Während sie sprach, atmete sie den köstlichsten Duft der Welt ein. Emily zog an ihrer Hand.
„Lass uns hier essen“, flüsterte sie.
„Meine Schwiegermutter ist eine hervorragende Köchin“,sagte Juan. „Möchten Sie vielleicht reinkommen und mal probieren?“
„Nein, danke. Wir haben schon Pläne fürs Abendessen.“ Sie sah hinüber zu dem anderen Haus. Es lag dunkel und verschlossen da. Nur im hinteren Teil brannte ein Licht.
„Lebt er dort ganz alleine?“, fragte sie.
„Ja. Er hat keine Familie. Ich finde es traurig, dass er nur Energie hat, sich über den Zaun aufzuregen.“
„Haben Sie ihn schon mal zum Abendessen eingeladen?“
Juan starrte sie an. „Wie meinen Sie das?“
„Wenn Ihre Schwiegermutter wirklich so gut kocht und Mr Harrison alleine und einsam ist, könnte ein gemeinsames Essen die Fronten vielleicht erweichen.“
Sie konnte sehen, dass Juan über ihren Vorschlag nachdachte. Sie war sich sicher, dass Mr Harrison ihm das Leben zur Hölle gemacht hatte und Juan den mürrischen alten Mann nicht in seinem Haus haben wollte, aber wenn es half …
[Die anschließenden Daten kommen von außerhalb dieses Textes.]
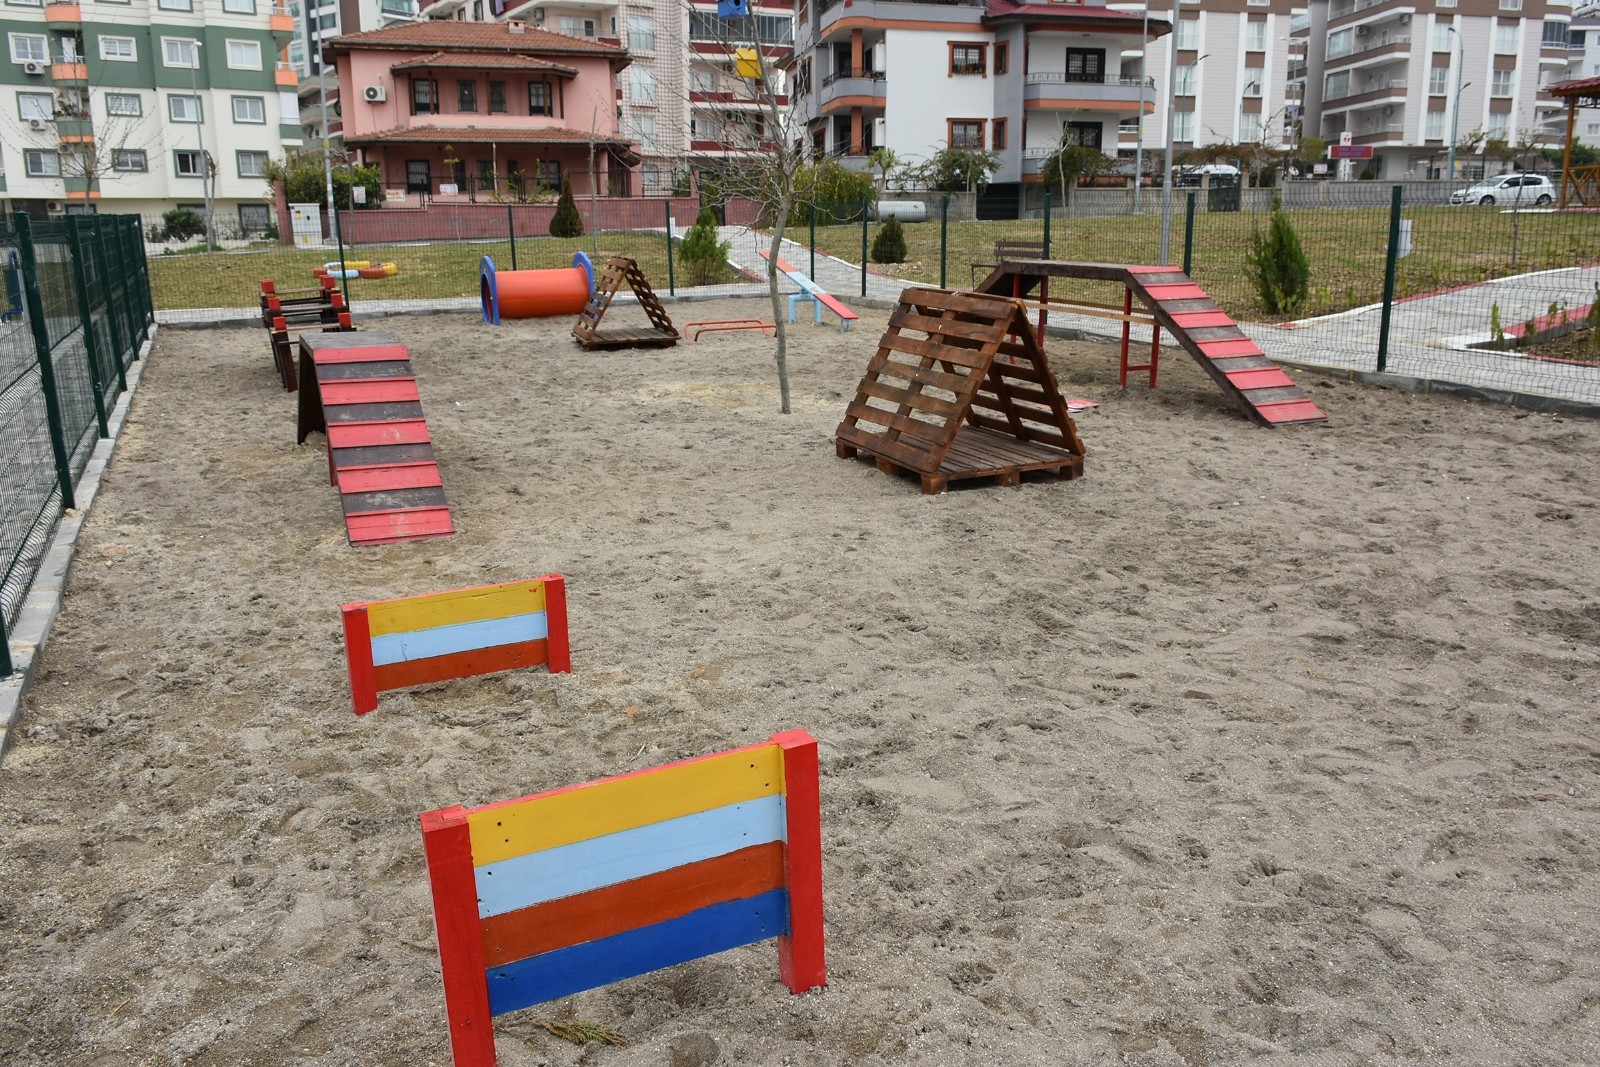 Tarsus’ta ‘Dost Patiler Eğitim ve Oyun Parkı’ açıldı
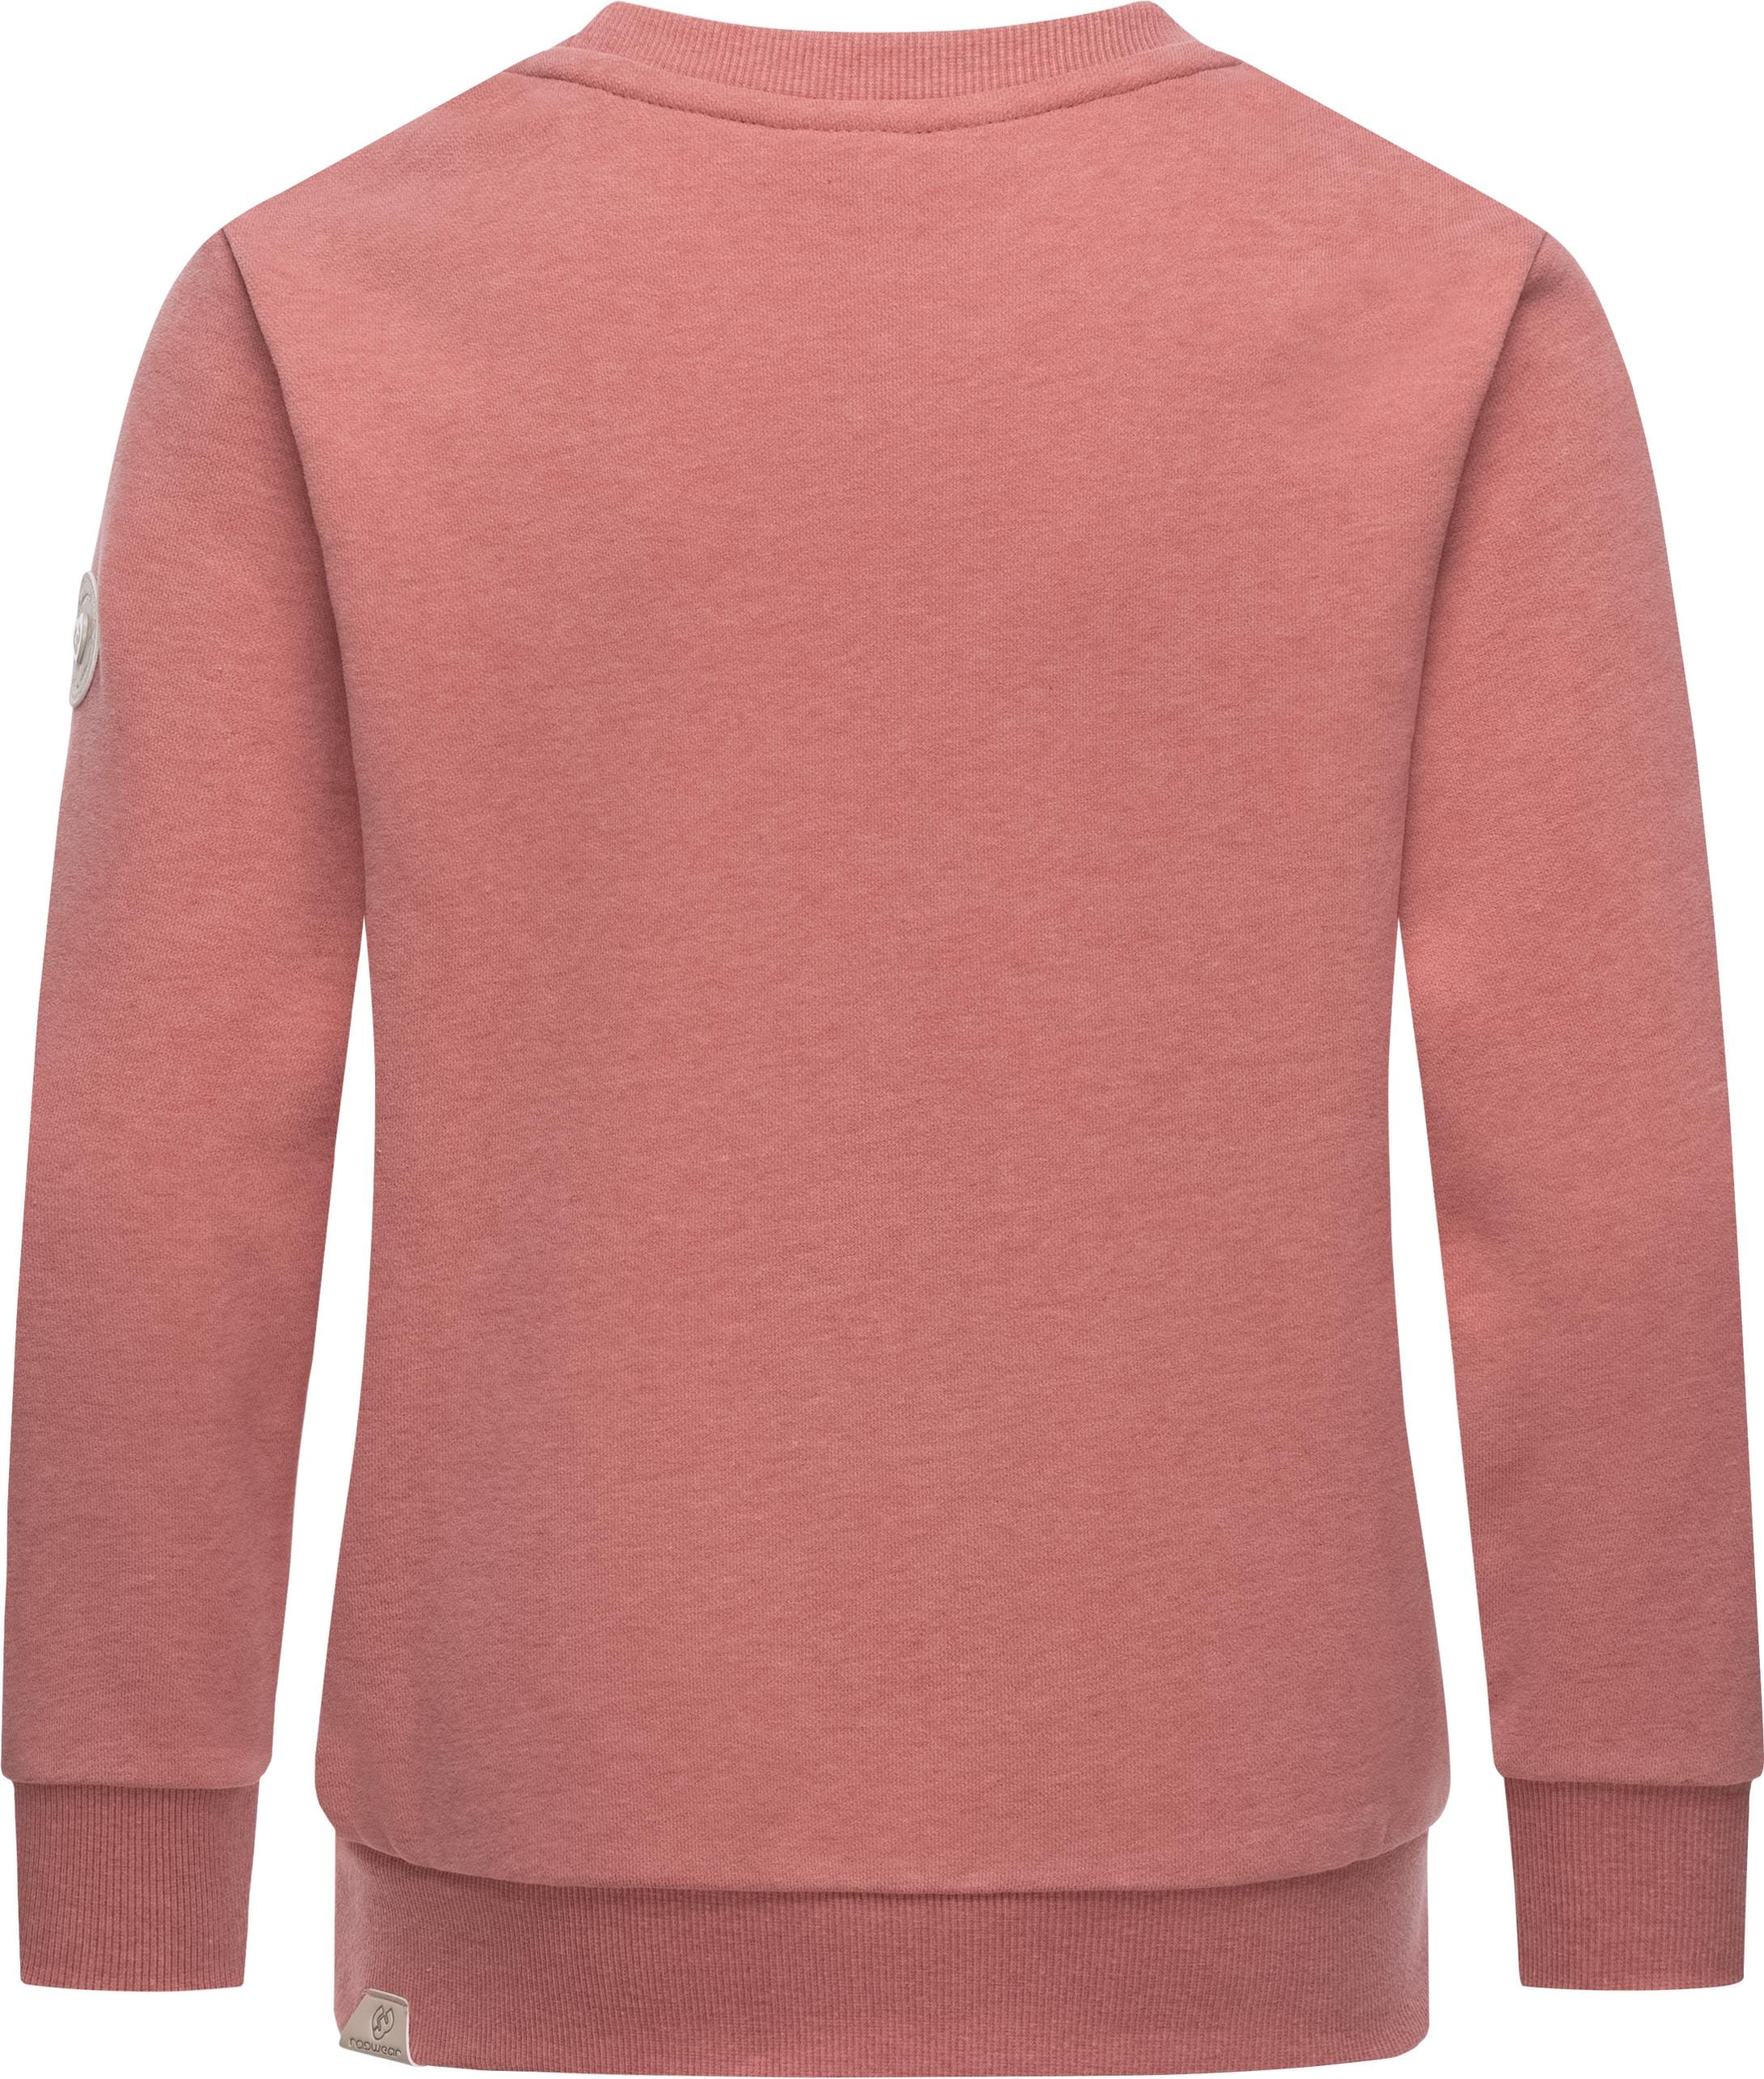 Logo Print »Evka BAUR Sweater mit kaufen Print«, stylisches Ragwear Mädchen | online coolem Sweatshirt

„Ich werde mit meiner Frau sprechen“, meinte Juan schließlich. „Wer sind Sie eigentlich?“
Jill fuhr zusammen. „Bitte nehmen Sie es nicht persönlich, aber ich bin Jill Strathern, die Anwältin von Mr Harrison.“
Juan machte einen Schritt zurück und setzte eine undurchdringliche Miene auf. „Versuchen Sie, mich reinzulegen?“
„Keineswegs. Ich finde es einfach nur schrecklich, dass Sie beide sich wegen eines alten Zauns in den Haaren liegen. Wenn Sie Freunde sein könnten statt Feinde, bräuchten Sie mich überhaupt nicht.“
„Sie ist wirklich nett“, sagte Emily loyal.
Juan lächelte sie an. „Danke, dass du mir das gesagt hast. Dann wird es wohl stimmen.“ Er sah wieder zu Jill. „Ich werde mit meiner Frau sprechen“, wiederholte er und fügte nach einem kurzen Zögern hinzu: „Wenn es nicht zu einer Klage kommt, verdienen Sie aber auch nichts.“
„In diesem speziellen Fall wäre ich sogar froh, leer auszugehen.“„Bist du sicher, dass das so geht?“, fragte Jill, als Emily ihr Lockenwickler in die Haare drehte.